I’d never done anything like that before. In my heart I didn’t believe I could do it. It was only when I recognised him in the mall that day that I thought, for the first time, that I might actually go through with it.’
He glanced at her glass. ‘You’re not drinking.’
‘No. I can’t face it.’
‘You should drink. It’ll make you feel a bit better.’
Kathy laughed. ‘It’d take more than a glass of wine to make me feel better, Harry.’
‘I could get you a bottle of something else. What do you like? Vodka? Scotch?’
He is feeling guilty, she thought. He’d feel better if I died with a smile on my face. Some hope. This was why he was talking so much-his guilt, and presumably because there was no one else to confess to, apart from North, who wouldn’t have understood his need.

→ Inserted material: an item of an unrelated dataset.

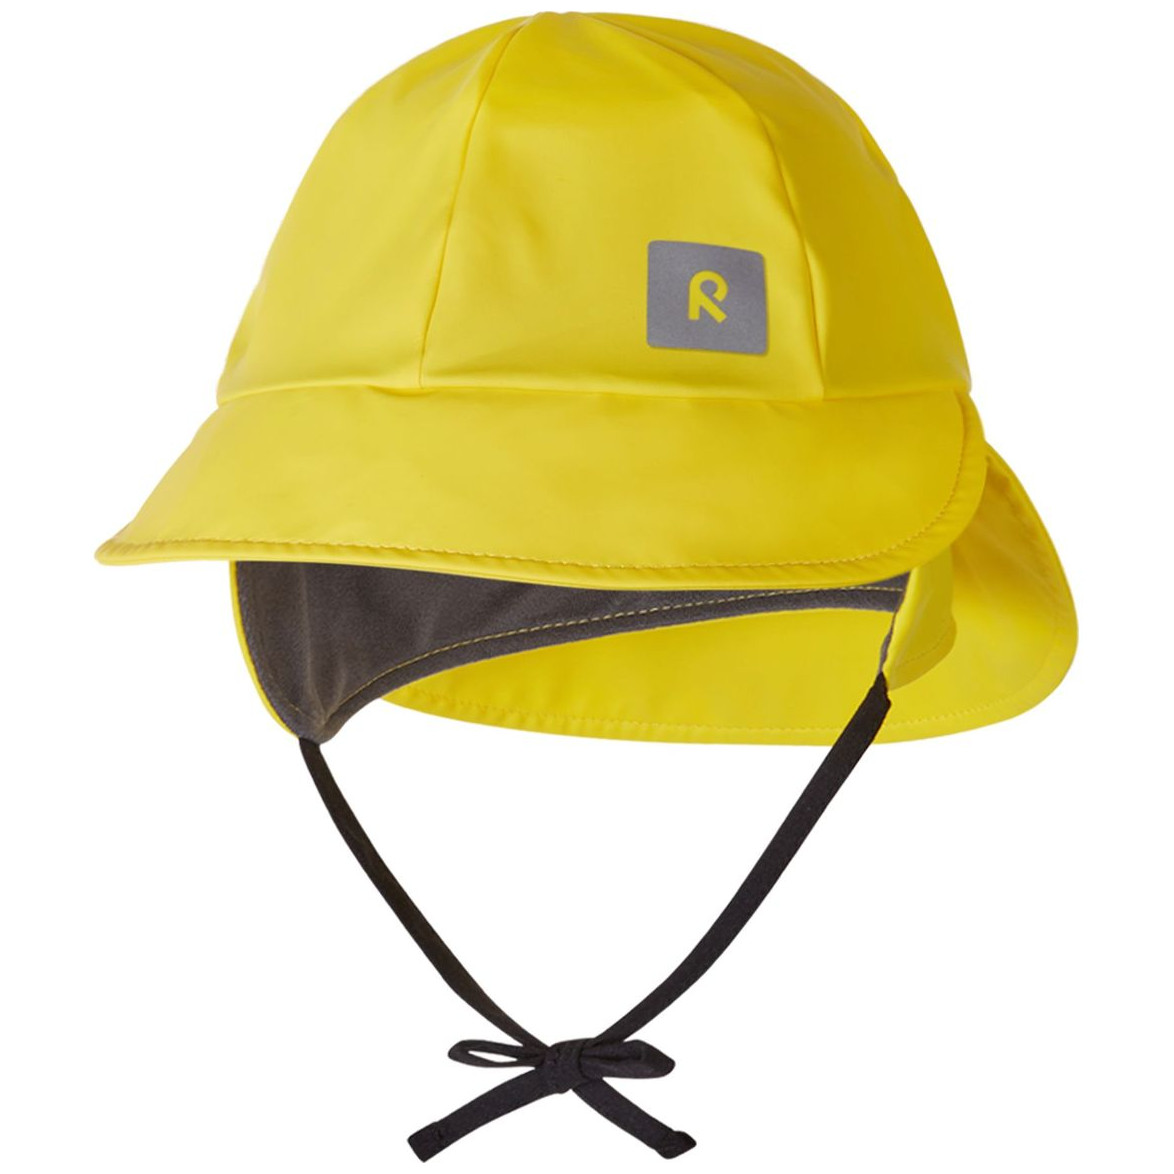 Dětský klobouk Reima Rainy Obvod hlavy: 48 cm / Barva: žlutá

Kathy doubted if Connie knew much of the real story.
‘I don’t think so, Harry. Here, you have the wine.’
He shrugged and took the glass. ‘Look,’ he said, so softly she had to lean over to hear, ‘I’ll do what I can to help you, okay? Don’t worry, and for God’s sake don’t annoy him.’

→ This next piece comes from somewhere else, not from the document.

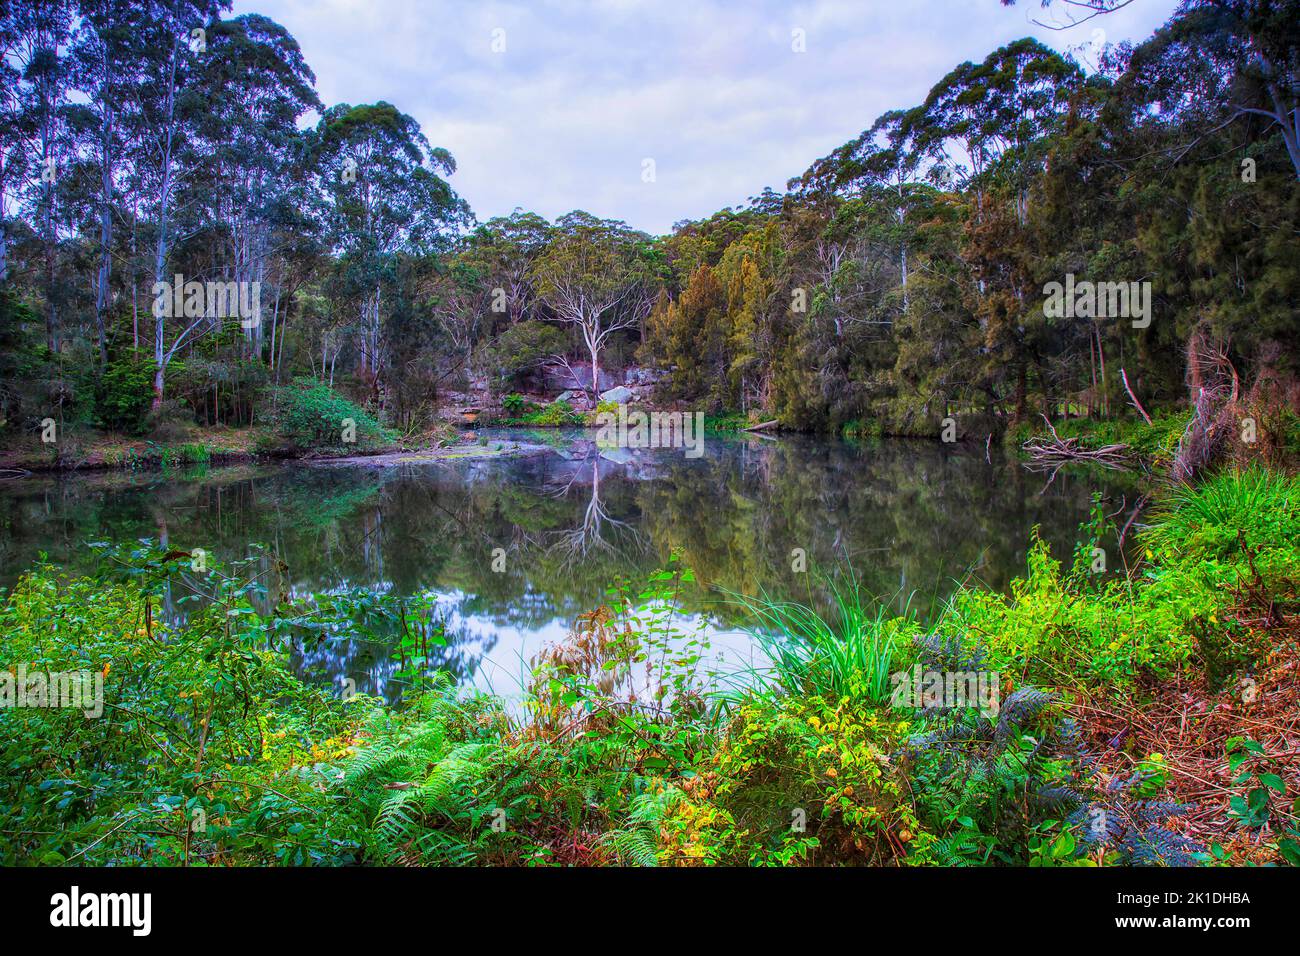 Pintoresco río en la cala de Lane en el parque nacional de Sydney, Australia - exuberante vegetación. Foto de stock

‘Are you a Catholic?’ she asked.
‘Lapsed,’ he said, surprised. A sudden look of consternation appeared on his face, as if he thought she might be about to demand a priest to give her the last rites. ‘Why?’
‘Just wondered. So you walked up to North in the mall and said, I know who you are, did you?’ Kathy asked. ‘He must have been pleased.’
‘Not quite like that. I followed him out to his car and we had a conversation. I told him who I was, and said that before I decided whether to turn him in, I had a proposition to put to him. I said I was looking for a partner to help me steal a few million quid, if he was still in the business.’
‘He believed you?’
‘After a while. He told me he’d come back to the UK to see his girlfriend, Sophie, who had had his kid while he was abroad. He’d never seen the little girl, and he wanted to persuade Sophie to come away with him. His funds were running low, too, and he’d been talking to one or two old mates about doing another job. Only he was finding that people weren’t so pleased to see him, after all the publicity he’d got the last time.’
‘The bank job in the City. He killed two coppers. Didn’t that bother you, Harry? Or did your amazing discovery that everyone has to die one day make that all right?’
Kathy had resolved not to antagonize him, but there was something so self-absorbed about the way he was going on that she hadn’t been able to hold back the bitter words.
Jackson looked sharply at her. ‘I’d watch that tongue, Kathy. You won’t find North as patient as me.’